The machine should be able to tightly maneuver while avoiding obstacles. It will demonstrate this by running a slalom course featuring four obstacles and a performing a spot landing, with and without payload in each direction.
The machine should be able to demonstrate the ability to perform “fine tasks” beyond merely following a designated flight path. These will include tossing a weight for lateral delivery, push-button precision hover. Popping balloons in a watery environment, and the ability to tough ground reference points.
The machine should be able to make “on-the-fly decision making and execute efficient flight paths. It should be able to, Assess a hitherto unknown environment, then plan and fly the best route through it.”
The GoAero Prize notes that many existing craft can already carry out many of these missions, but looks forward to spurring new developments, “That showcase to users, industry, government, and the public the art of the possible with today’s technology (affordability, portability, storability, ease of use, versatility, etc.), which may one day lead to fieldable solutions.”

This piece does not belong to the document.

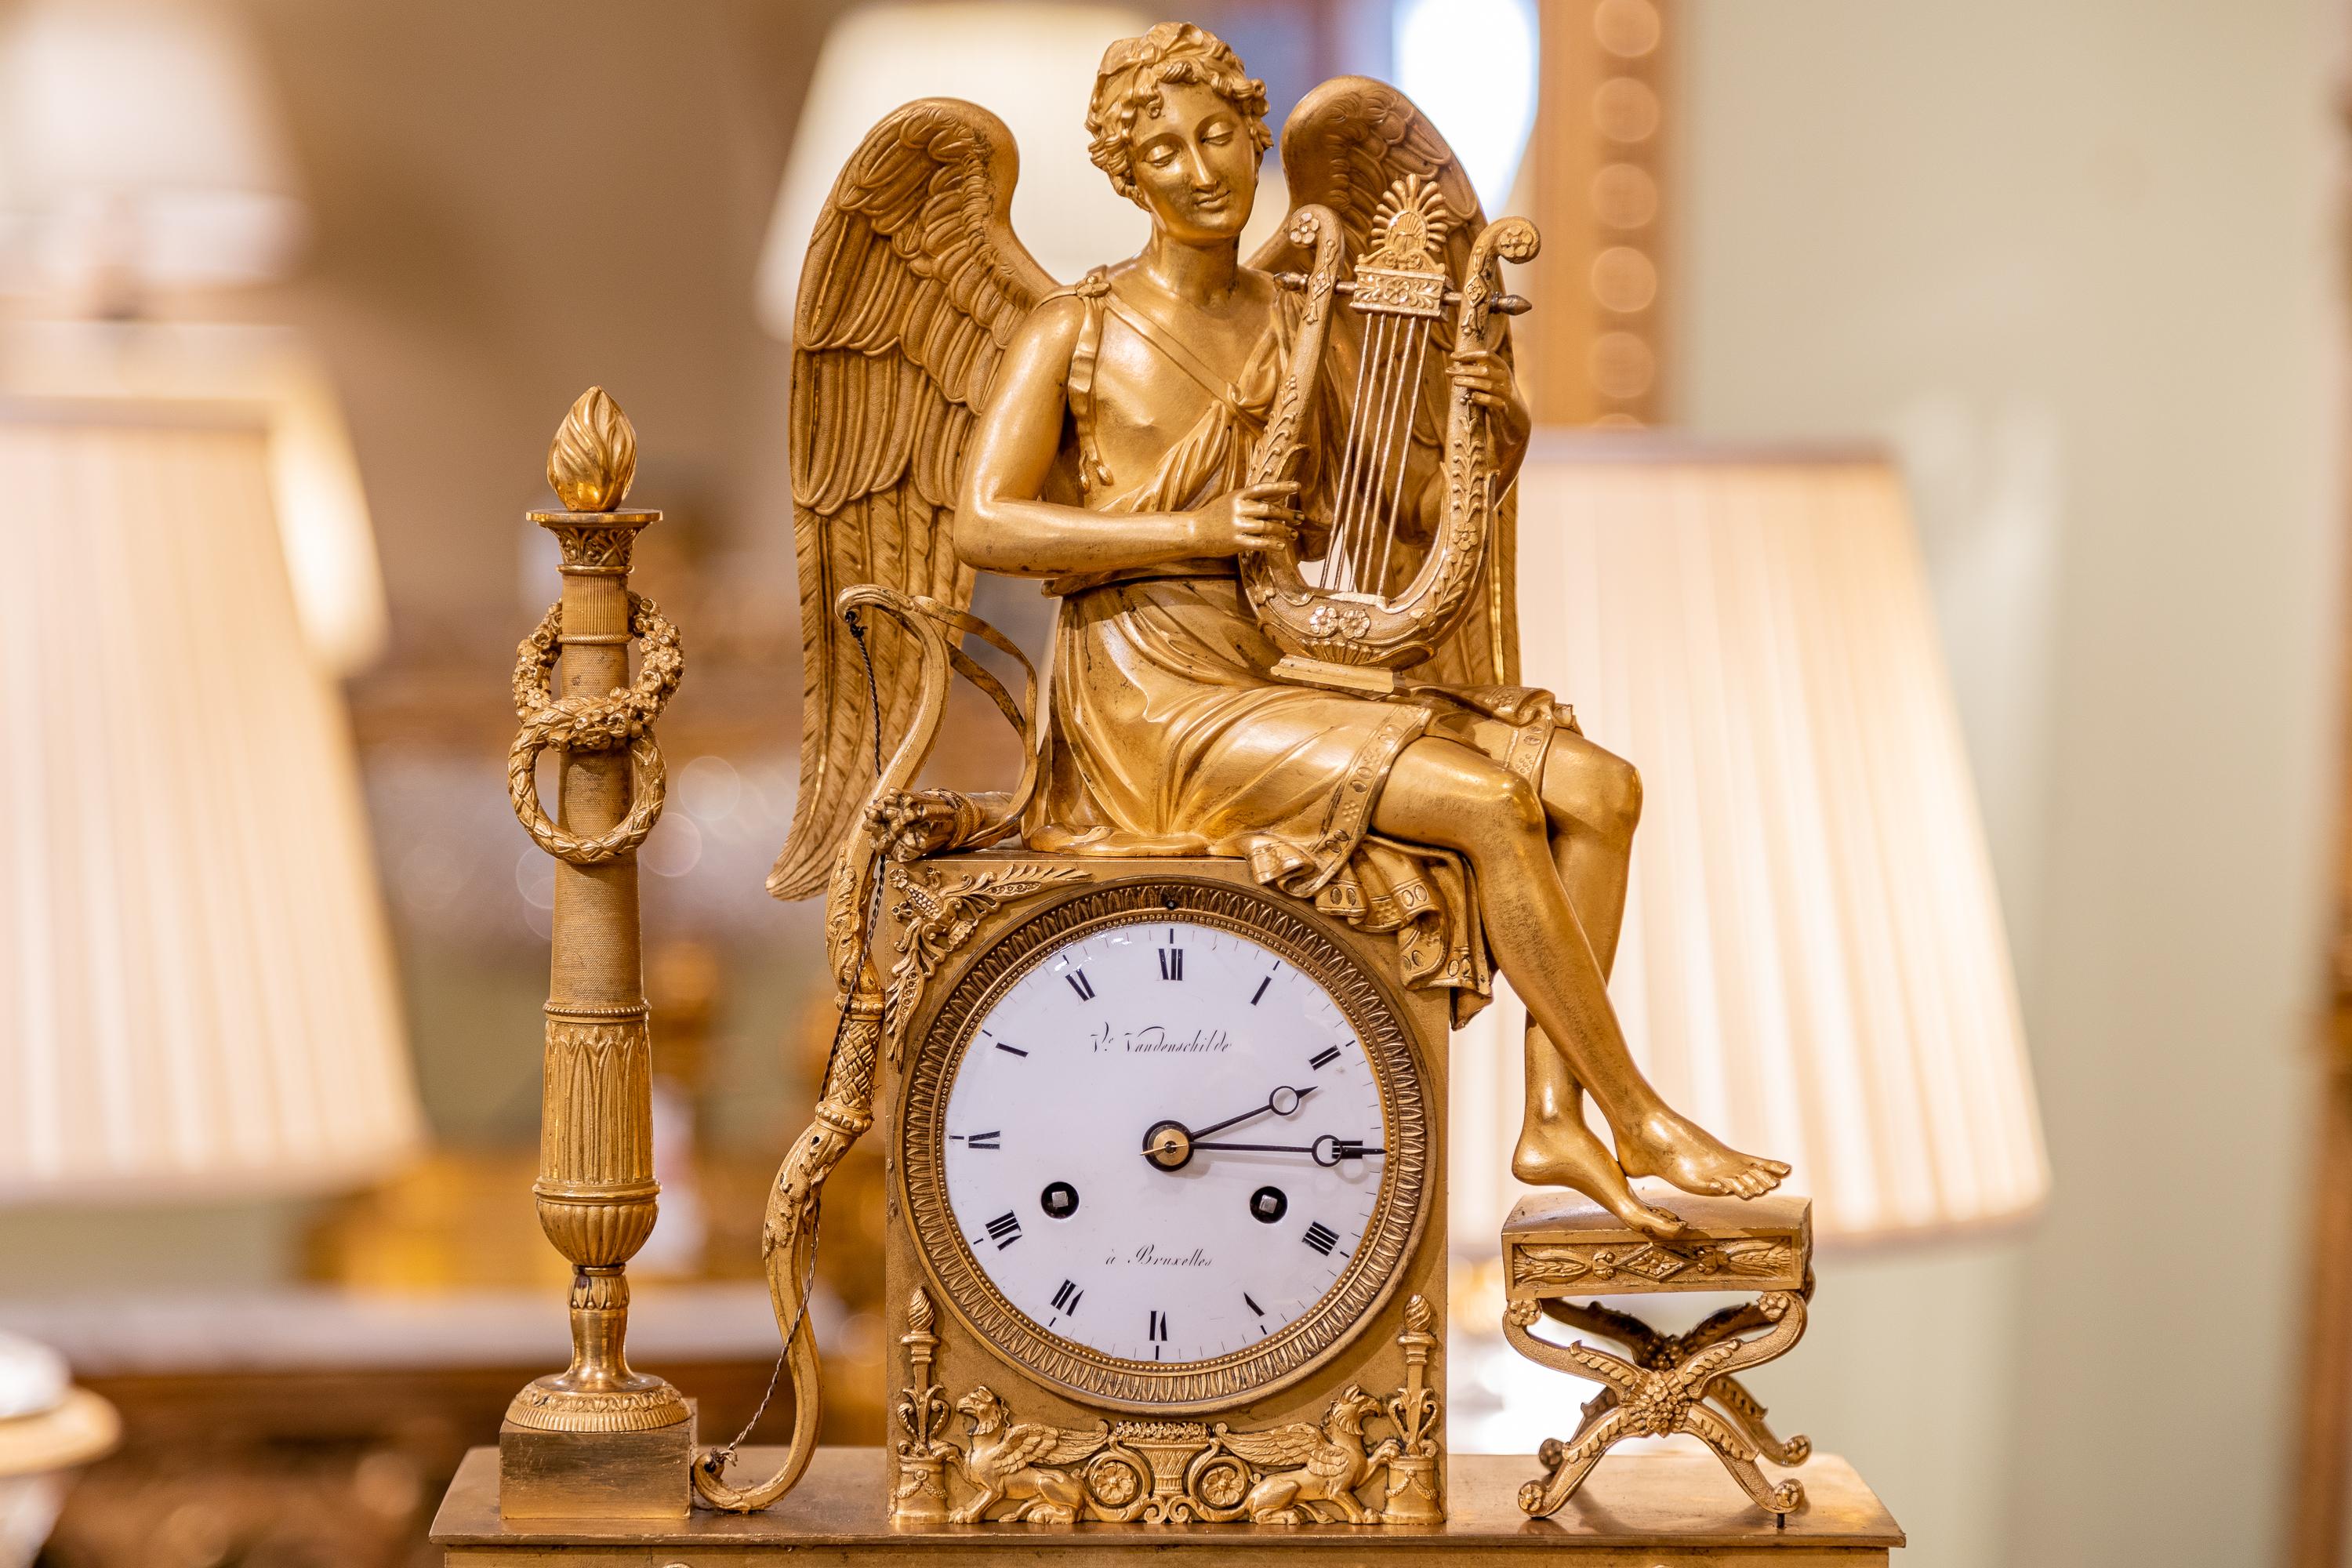 Très belle et rare horloge Empire en bronze doré au mercure de la fin du XVIIIe siècle. Signé V.I.I.I.  a Bruxelles

What’s Available Now – or Soon?
eHang has flown perhaps thousands of people autonomously in China, including their entire board of directors. Beyond delivering medical practitioners and supplies, their machines can even deliver fire-fighting foam on target.
We’ve reported here on Jump Aero’s potential sale to the State of Oregon, which we’ve seen suffer wildfire damage that wiped out entire towns.
And as can be seen in the video, such life-saving technologies seem to stir up the venture capital universe.
Beyond military rescue missions, one can see the Lift Hexa employed by rurul fire departments for similar operations. The ability to haul untrained personnel to disaster sites is a plus here.
The Competition Rules
As one might guess, the rules are extensive and complex. One can imagine teams parsing these rules as though they were looking for loopholes in the constitution or the commandments.
April 8, 2o24 marks the last day to comment on the rulebook itself, with October 9 seeing submission of Stage 1 documents, and June 18, 2025 for validation of the technical aspects of the submission. Turning from documents to actual flyable hardware, entrants will submit their machines between August 5 and December 15, 2026 for verification of safe flying characteristics. The up-to-three-day flyoff event will begin February 5, 2027. Rules are intricate, and contest rules urge early application and compliance with each stage. After all, the designs will probably progress in an iterative fashion, and teams’ final goals will probably become moving target.
Since the kickoff of the modern electrick aircraft movement with the Green Flight Challenge in 2011, several challenges have helped bring about great advancements.
This competition could be among the most important in aviation history. We are faced with daunting threats to our way of life and perhaps our very existence. The GoAero Prize could provide hope in darkening times.